**What is required**
Word for word, retype the lines from the one containing "F33940 / Микс" to the last line of the data below, both ends included.

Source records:
▼▼▼

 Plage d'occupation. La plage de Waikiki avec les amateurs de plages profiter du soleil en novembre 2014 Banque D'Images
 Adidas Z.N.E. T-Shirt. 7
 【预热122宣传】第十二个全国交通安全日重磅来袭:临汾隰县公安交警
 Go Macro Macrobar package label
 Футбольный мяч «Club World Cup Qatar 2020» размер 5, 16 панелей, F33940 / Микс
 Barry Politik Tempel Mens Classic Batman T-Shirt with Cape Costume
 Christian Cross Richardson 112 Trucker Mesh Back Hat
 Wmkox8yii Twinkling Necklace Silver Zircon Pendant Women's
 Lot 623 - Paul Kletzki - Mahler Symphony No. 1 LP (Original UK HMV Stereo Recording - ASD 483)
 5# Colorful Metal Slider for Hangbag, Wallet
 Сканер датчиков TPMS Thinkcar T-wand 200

▲▲▲

**Expected output**
 Футбольный мяч «Club World Cup Qatar 2020» размер 5, 16 панелей, F33940 / Микс
 Barry Politik Tempel Mens Classic Batman T-Shirt with Cape Costume
 Christian Cross Richardson 112 Trucker Mesh Back Hat
 Wmkox8yii Twinkling Necklace Silver Zircon Pendant Women's
 Lot 623 - Paul Kletzki - Mahler Symphony No. 1 LP (Original UK HMV Stereo Recording - ASD 483)
 5# Colorful Metal Slider for Hangbag, Wallet
 Сканер датчиков TPMS Thinkcar T-wand 200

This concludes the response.